Volume 2017, Article ID 7408645, 6 pages
https://doi.org/10.1155/2017/7408645
Research Article

Shielding Verifications for a Gamma Irradiation Facility Considering the Installation of a New Automatic Product Loading System

Nuclear Technology Development Centre (CDTN), Brazilian Nuclear Energy Commission (CNEN), Campus of UFMG, Pampulha, Belo Horizonte, MG, Brazil

Correspondence should be addressed to Amir Zacarias Mesquita; rb.ntdc@rima

Received 1 June 2017; Revised 28 August 2017; Accepted 11 September 2017; Published 25 October 2017

Academic Editor: Michael I. Ojovan

Copyright © 2017 Maritza Rodriguez Gual et al. This is an open access article distributed under the Creative Commons Attribution License, which permits unrestricted use, distribution, and reproduction in any medium, provided the original work is properly cited.

Abstract

A new system has been designed to automatically load the samples to be irradiated at the gamma irradiation facility of the Nuclear Technology Development Centre (CDTN) at Belo Horizonte, Brazil. The objective of this system is the optimization of the experiments performed at the Gamma Irradiation Laboratory for short-time irradiations without interruption of the irradiator cycles. The installation of this new system requires the opening of a hole at the labyrinth door to allow the loading of irradiating products. Due to this alteration on the original design, the door opening into the labyrinth requires shielding verification. The dose rate with the door open is calculated using Monte Carlo MCNPX v 2.6.0 code. The Monte Carlo source simulations were validated with experimental measurements of dose rate. The simulation demonstrated that a hole can be opened at the labyrinth entrance when installing an automatic loading system. Not only does it comply with dose constraint requirements, but it also complies with national and international standards.

1. Introduction

Gamma Irradiation Laboratory installed at the Nuclear Technology Development Centre (CDTN), Belo Horizonte, Brazil, has shown a wide range of applications. To date, this irradiator has been used for a number of applications like inactivation of pathogenic microbes in infected blood products, preventing graft-versus-host disease (GVHD) in immune suppressed patients [1], enhancement or alteration of molecular structure and other properties of polymers [2], altering gemstone color [3], and others [4–7].

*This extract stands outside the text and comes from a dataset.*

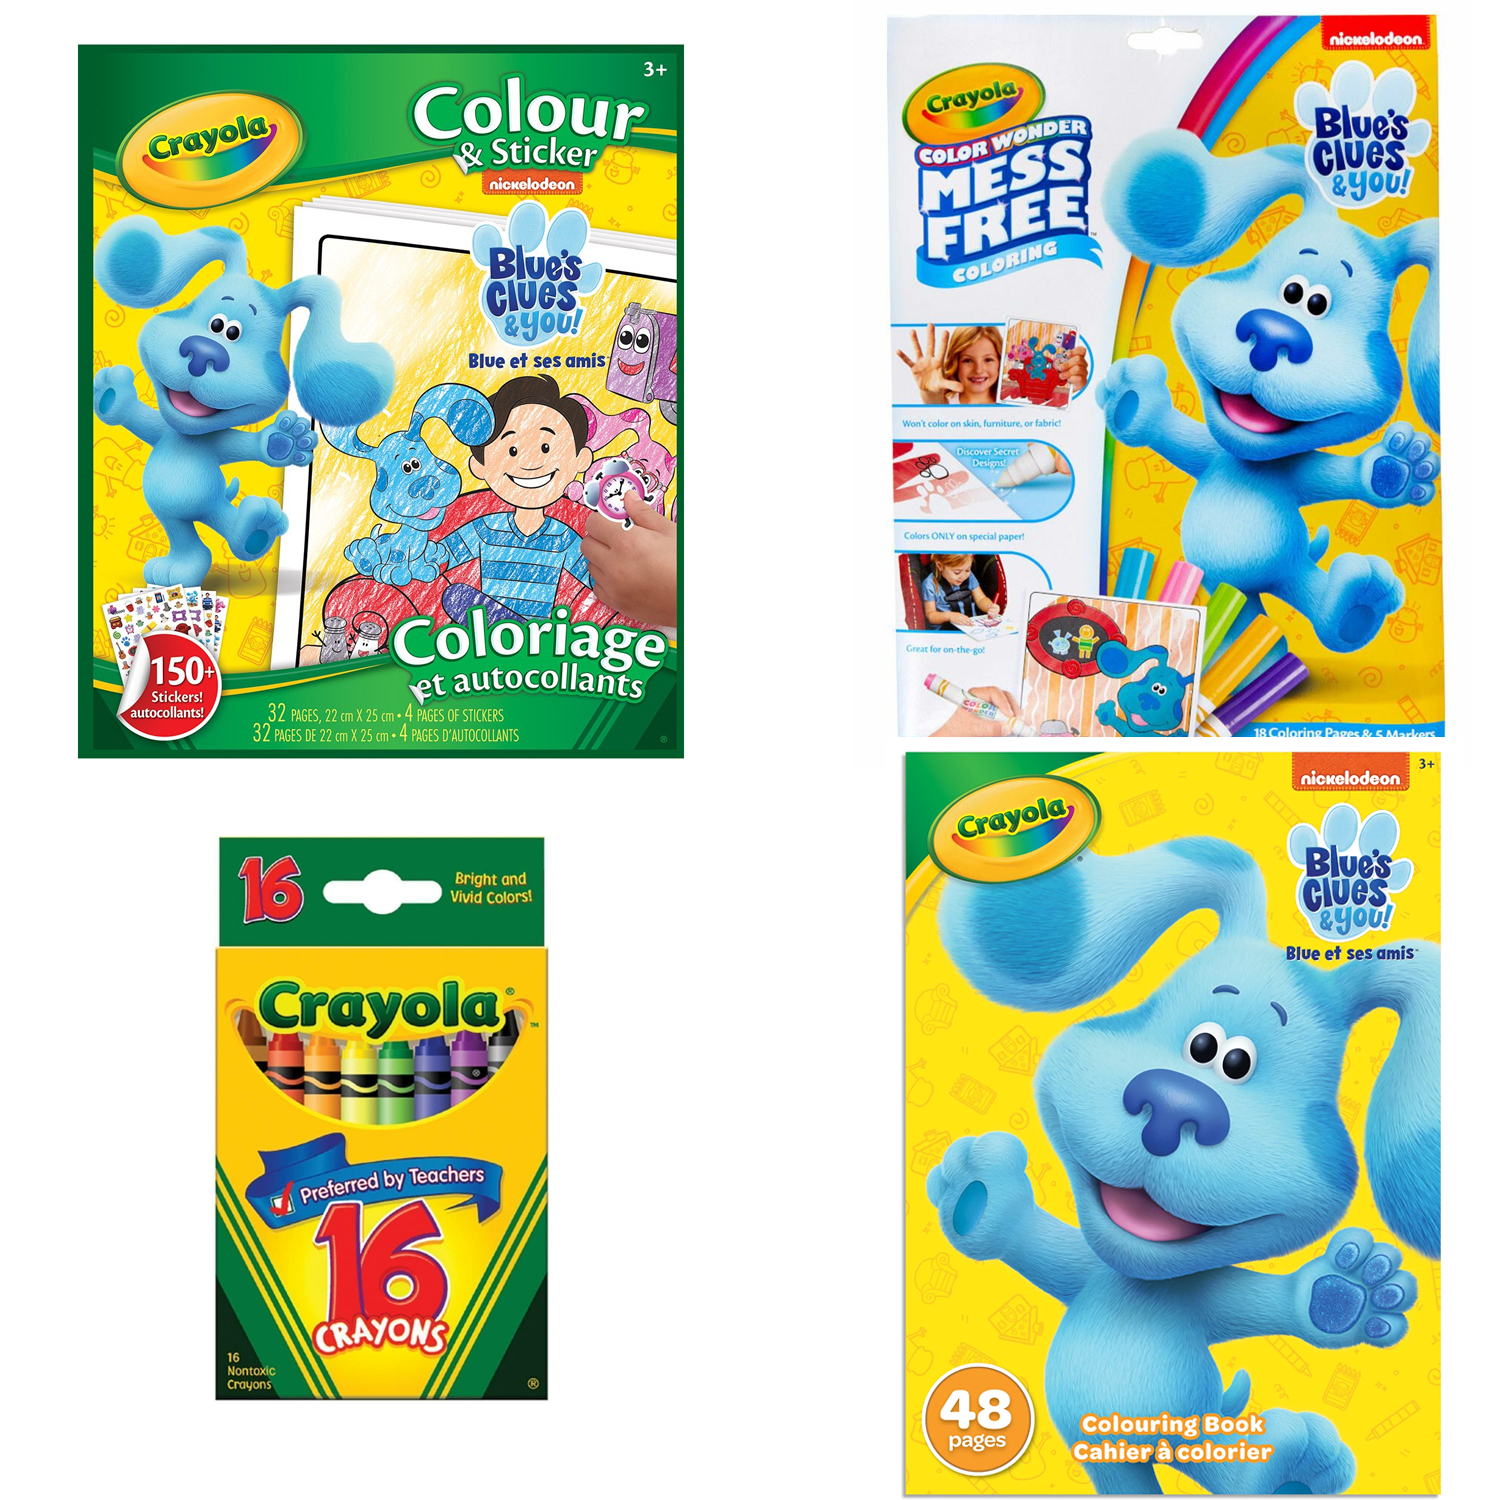 Crayola Color Wonder Mess Free Coloring - Shop Books & Coloring at

The high demand of the gamma irradiation facility to conduct the wide range of applications, as previously mentioned, requires innovative solutions that could bring improved gamma irradiation facility efficiency. A new automatic product loading system for the laboratory was proposed [8]. The system is required for optimizations of experiments performed for short-time irradiations without interruption of the irradiator cycles.

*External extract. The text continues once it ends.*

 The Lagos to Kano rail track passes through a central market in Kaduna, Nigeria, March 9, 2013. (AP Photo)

As a result, the idea of installation and operation of this system requires the opening of a hole at the labyrinth door to allow the loading of irradiating products without interrupting irradiator operation. One of the requirements for installation was a premise that followed from the conceptual design: the installation must not compromise personnel safety or equipment operations. Due to this alteration of the original design, we needed to know the gamma doses rates and profile that resulted from opening the door of the labyrinth.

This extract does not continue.